WITH_TUNNEL=1 ./run.sh

The Real Cost on Nebius Cloud

Stage	Duration	GPU Running?	Cost @ $2.49/hr
VM setup + dependencies	~25 min	Yes (idle)	~$1.04
Training (160 rows, 5 epochs)	~10 min	Yes (active)	~$0.42
Merge LoRA	~8 min	Yes (active)	~$0.33
vLLM startup	~4 min	Yes (idle)	~$0.17
Total to first inference	~47 min		~$1.96

And then the VM keeps billing at $2.49/hr (or up to $4/hr for a fully dedicated host) every hour you leave it running for serving.
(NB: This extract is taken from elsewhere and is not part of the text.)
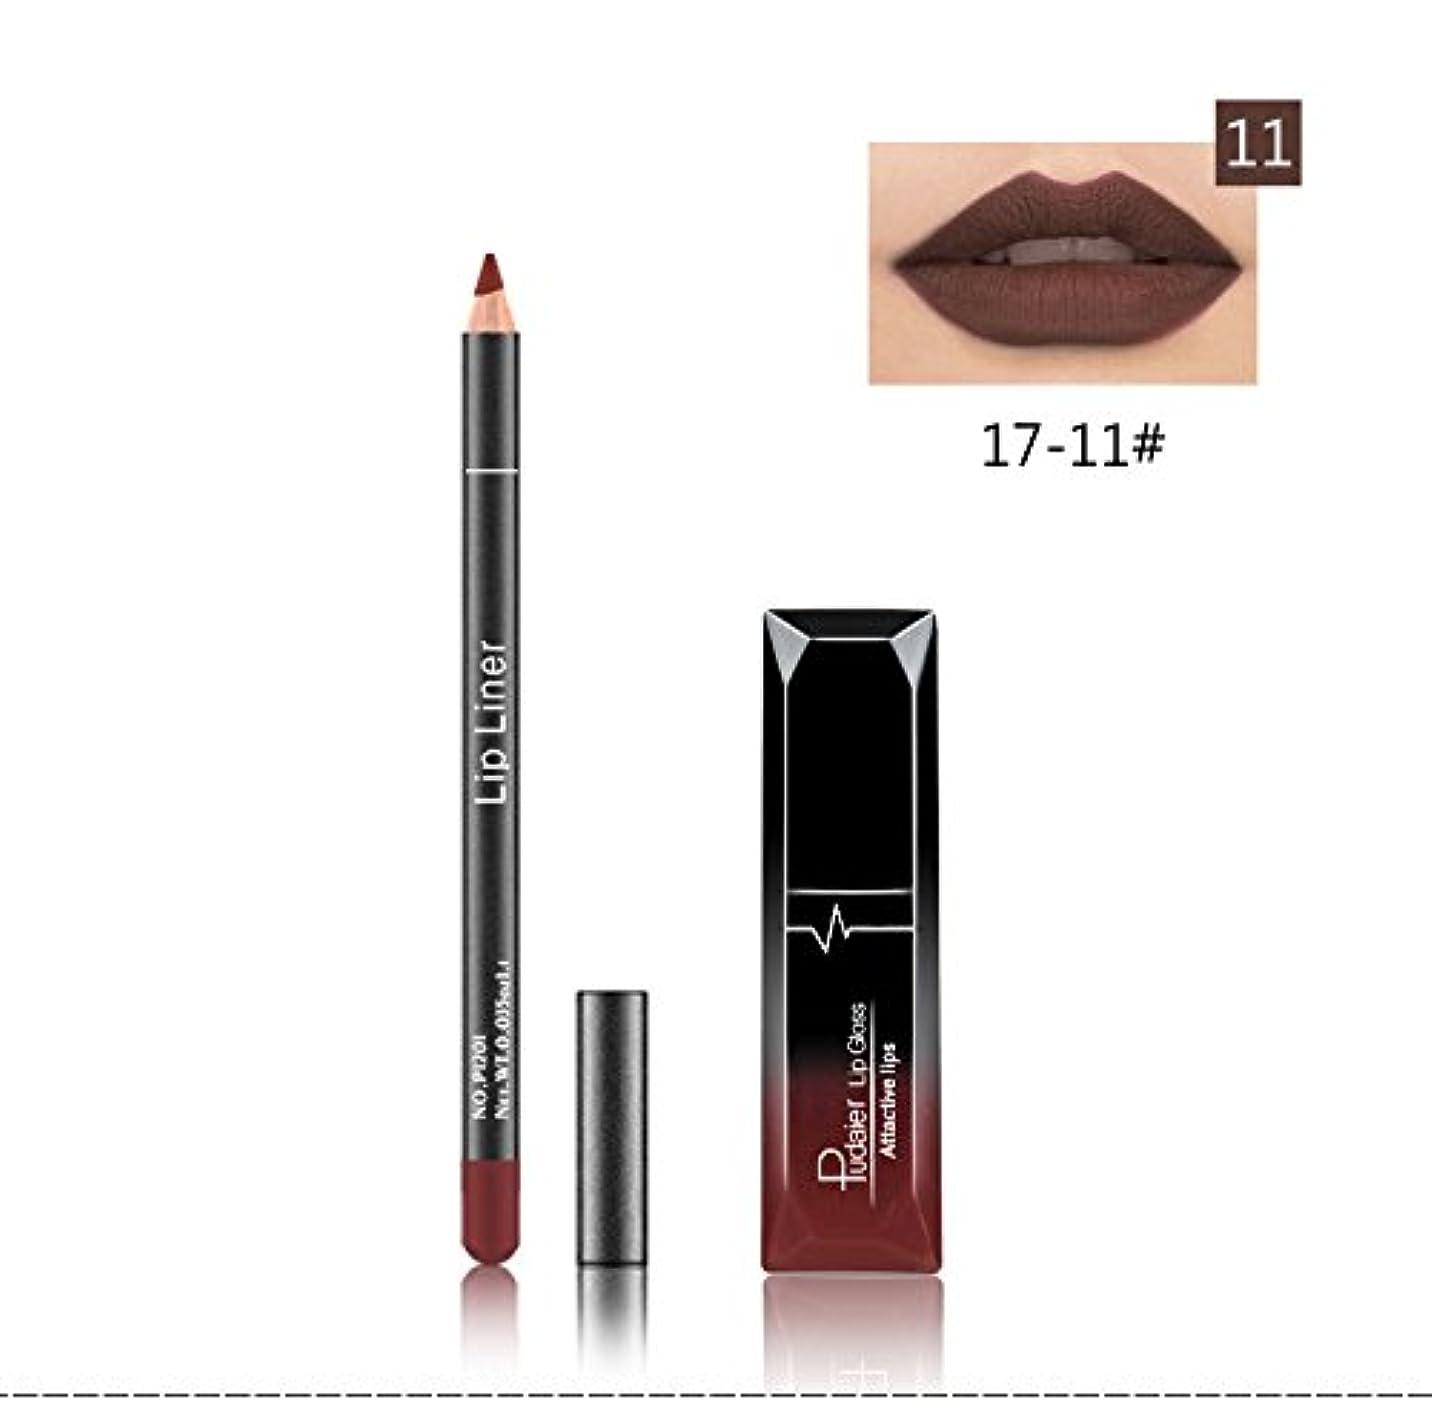 短命知覚できるプレゼンテーション(11) Pudaier 1pc Matte Liquid Lipstick Cosmetic Lip Kit+ 1 Pc Nude Lip Liner Pencil MakeUp Set Waterproof Long...

Traffic at 3am? You're paying the same rate.

For dedicated GPU hosting at $4/hour running 24/7, that's ~$2,880/month before storage or egress.

Path 2: Nebius Token Factory — Fewer Lines, Less Everything

The Architecture

legislation_qa_clean.jsonl
    ↓ sanitize_dataset()          ← normalize roles, validate
artifacts/legislation_qa_clean.nebius.jsonl
    ↓ upload_training_file()      ← client.files.create()
file-id
    ↓ create_finetune_job()       ← client.fine_tuning.jobs.create()
job-id
    ↓ wait_for_job()              ← poll every 30s
fine-tuned model checkpoint
    ↓ create_custom_model()       ← POST /v0/models
deployed model endpoint
    ↓ smoke_test()                ← client.chat.completions.create()

No VM. No CUDA. No vLLM. No merge step. No FastAPI. No Cloudflare tunnel. The whole flow runs from your laptop.

Step 0: Install Dependencies

pip install openai

That is the entire dependency list. One package. The Token Factory API is OpenAI-compatible, so you're using the standard openai Python SDK against a different base_url.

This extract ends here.